Pankaj Madhu, Krishna Kavita
J Assoc Physicians India. 2014 Jul;62(7):614-6.
We report a case of 30 year old alcoholic male admitted with vomiting, drowsiness, limb weakness and fasciculations after alleged history of consumption of 30 ml of chlorpyriphos insecticide. He had low serum cholinesterase levels. With standard treatment for organophosphorus poisoning (OPP), he improved gradually until day 5, when he developed neck and limb weakness and respiratory distress. This intermediate syndrome was treated with oximes, atropine and artificial ventilation. During treatment, his ECG showed fresh changes of ST elevation. High CPK & CPK-MB levels, septal hypokinesia on 2D echo suggested acute coronary syndrome. Coronary angiography was postponed due to his bedridden and obtunded status. The patient finally recovered fully by day 15 and was discharged. Acute coronary syndrome is a rare occurrence in OP poisoning. The present case thus emphasises the need for careful electrocardiographic and enzymatic monitoring of all patients of organophosphorus poisoning to prevent potential cardiac complication which can prove fatal.

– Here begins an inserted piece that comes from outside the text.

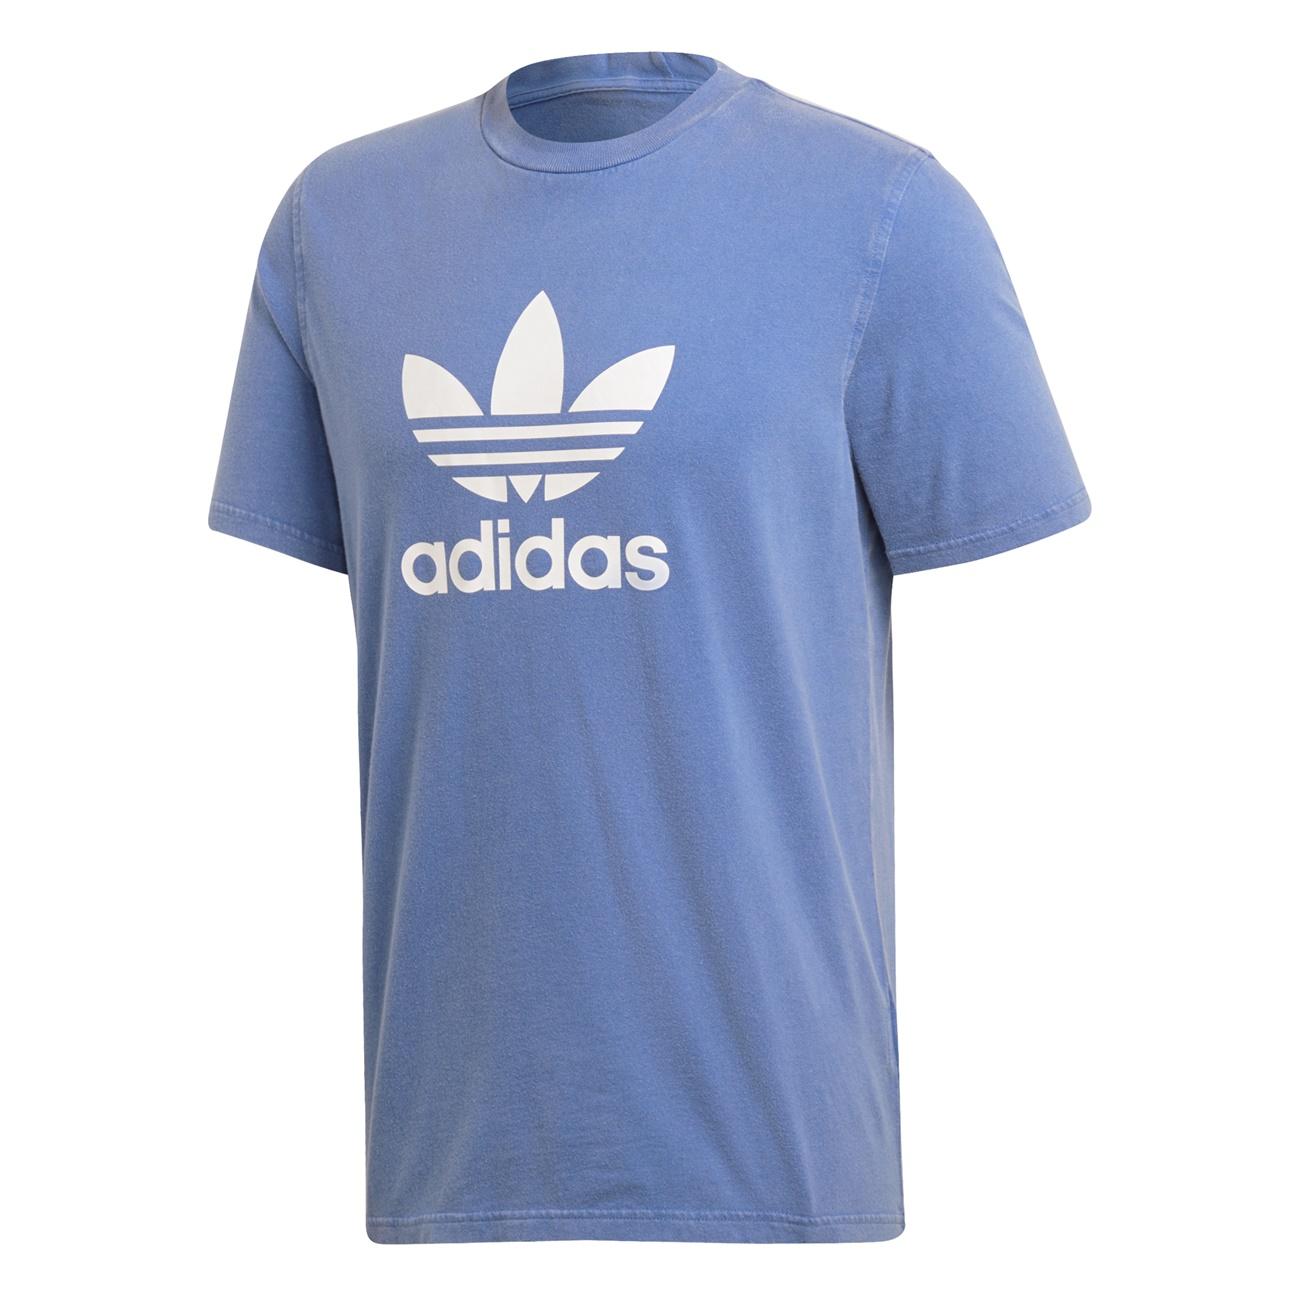 T Adidas Trefoil Shirt blue Originals ETRwqT
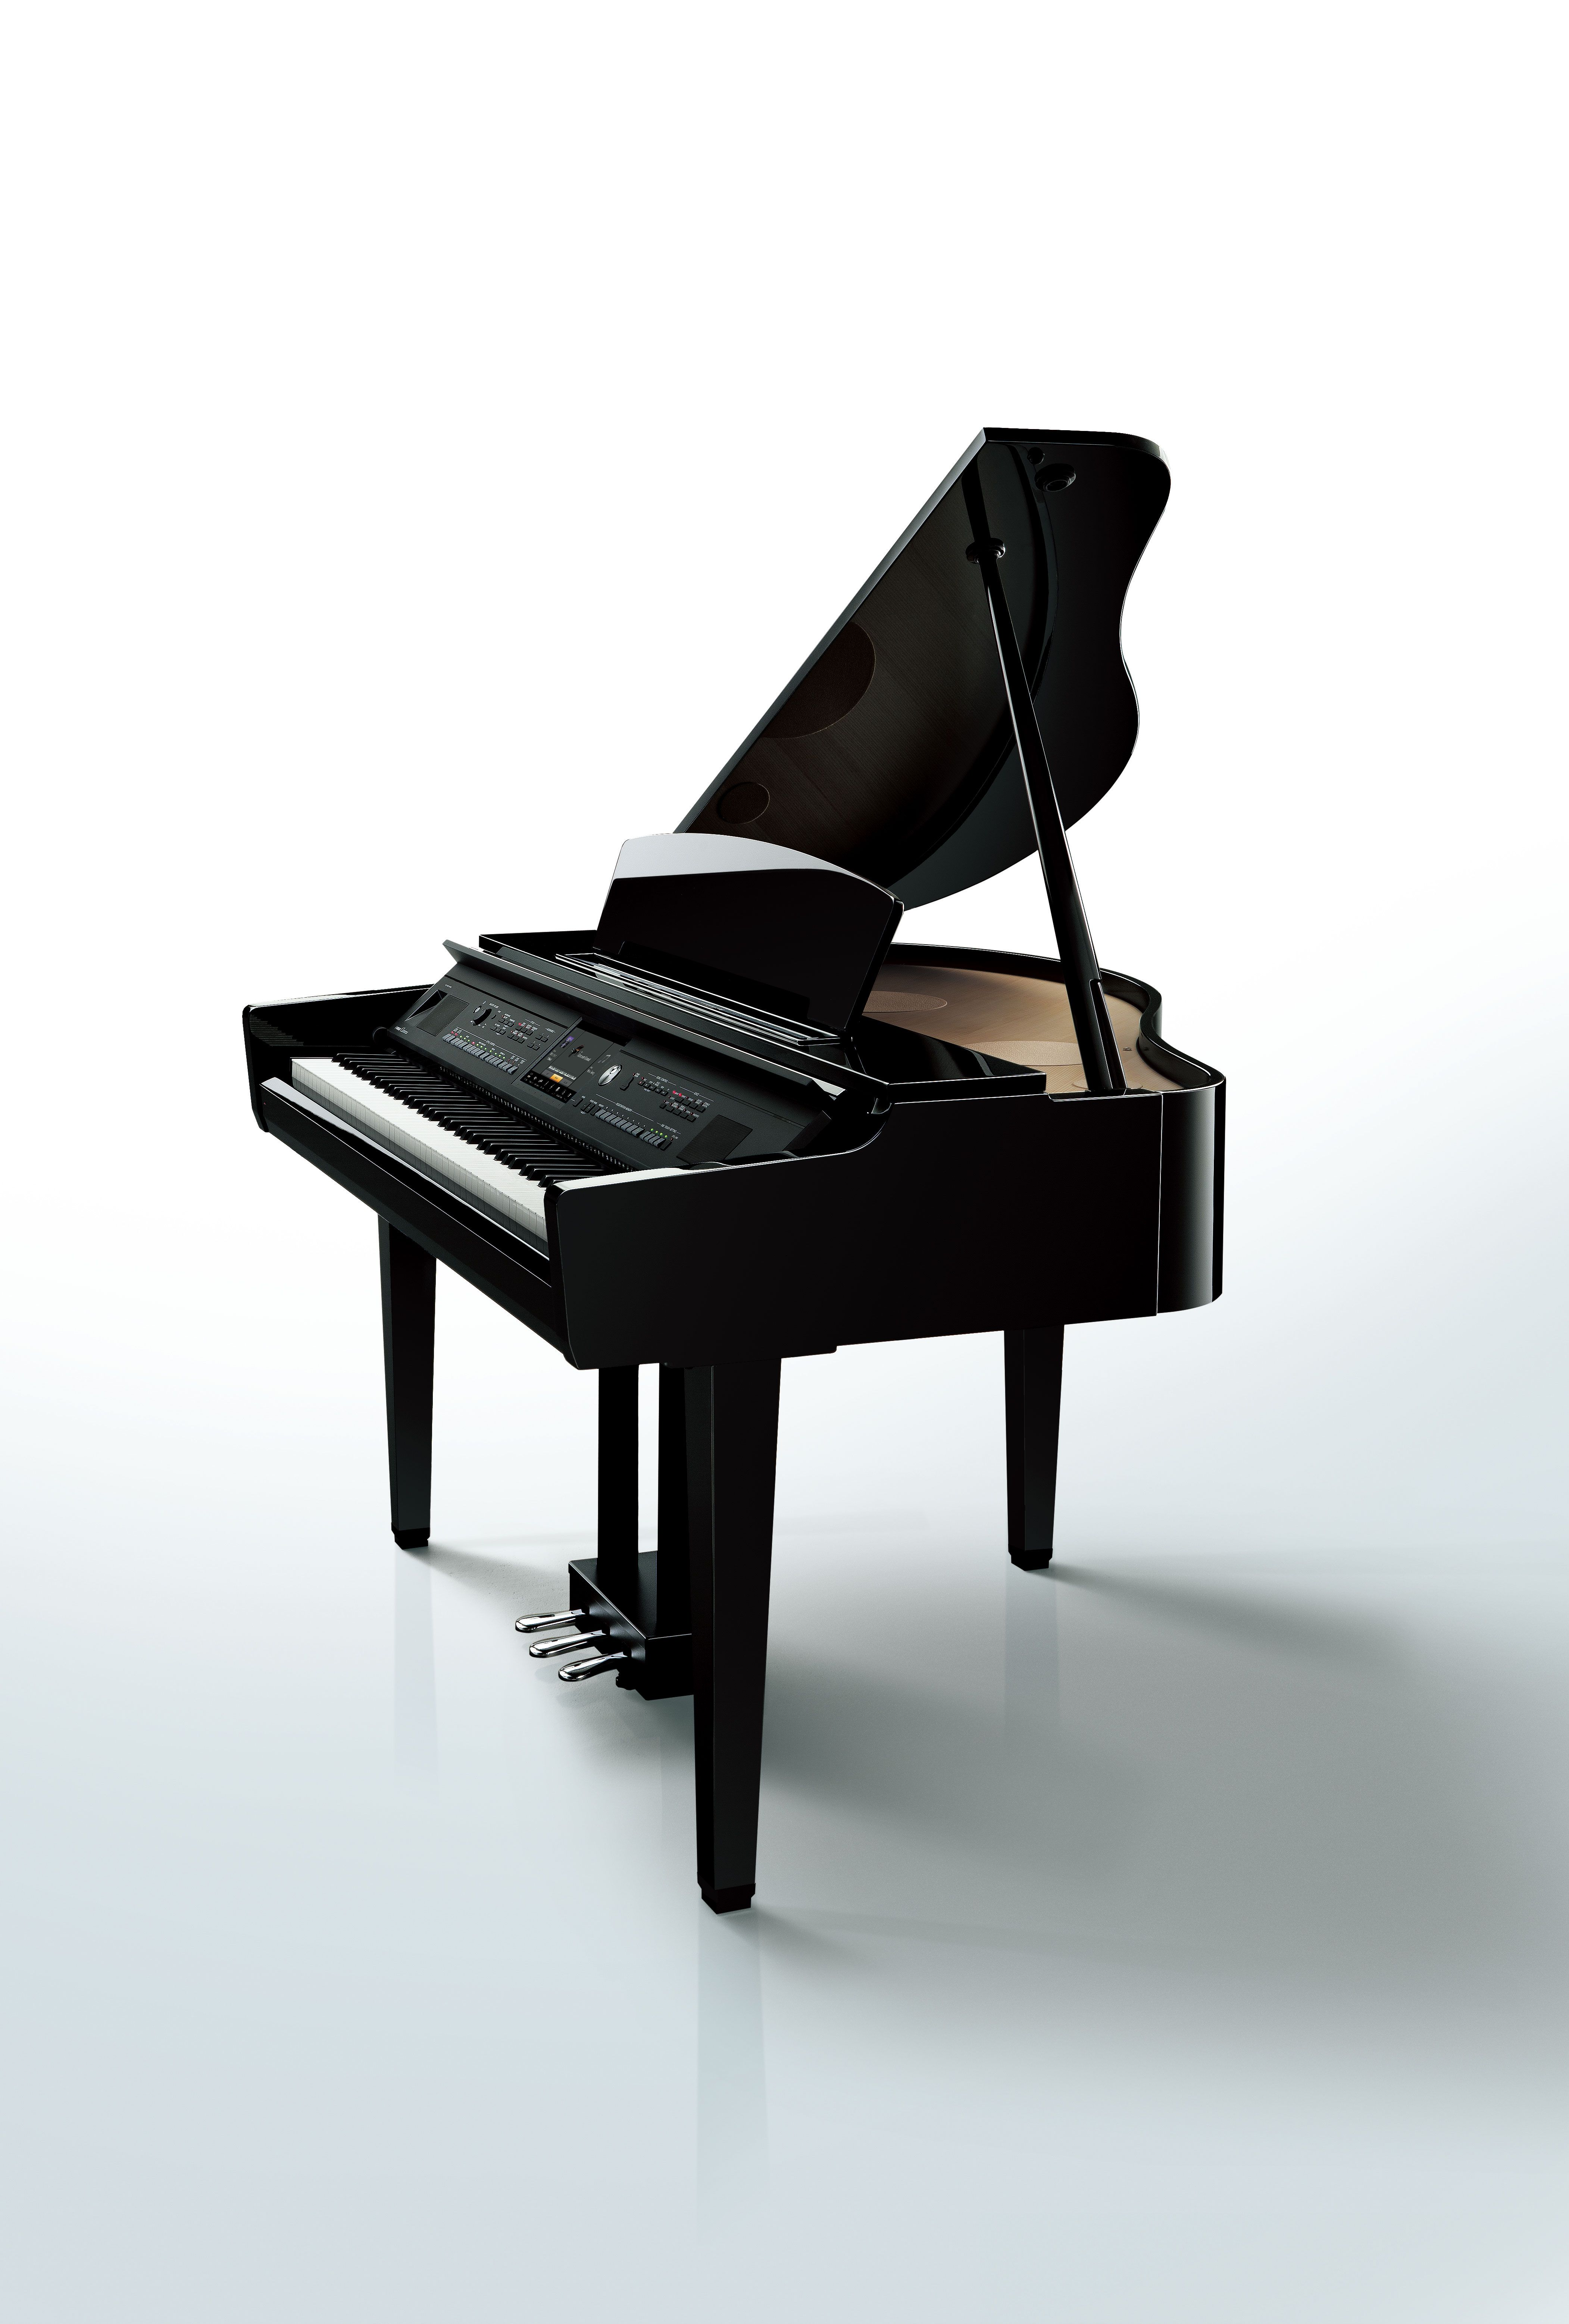 Clavinova Cvp 609gp Grand Style Digital Piano In A Polished Ebony Finish Romantic Bedroom Decor Bedroom Decor Piano Decor

我们报告一例30岁男性酒精中毒患者,据称其摄入30毫升毒死蜱杀虫剂后出现呕吐、嗜睡、肢体无力和肌束震颤。他的血清胆碱酯酶水平较低。经过有机磷中毒(OPP)的标准治疗,他逐渐好转,直到第5天,出现颈部和肢体无力以及呼吸窘迫。这种中间综合征采用肟类、阿托品和人工通气进行治疗。治疗期间,他的心电图显示ST段抬高有新变化。高肌酸磷酸激酶(CPK)和肌酸磷酸激酶同工酶(CPK-MB)水平,二维超声心动图显示室间隔运动减弱,提示急性冠状动脉综合征。由于他卧床且意识不清,冠状动脉造影被推迟。患者最终在第15天完全康复并出院。急性冠状动脉综合征在有机磷中毒中很少见。因此,本病例强调了对所有有机磷中毒患者进行仔细的心电图和酶学监测的必要性,以预防可能致命的潜在心脏并发症。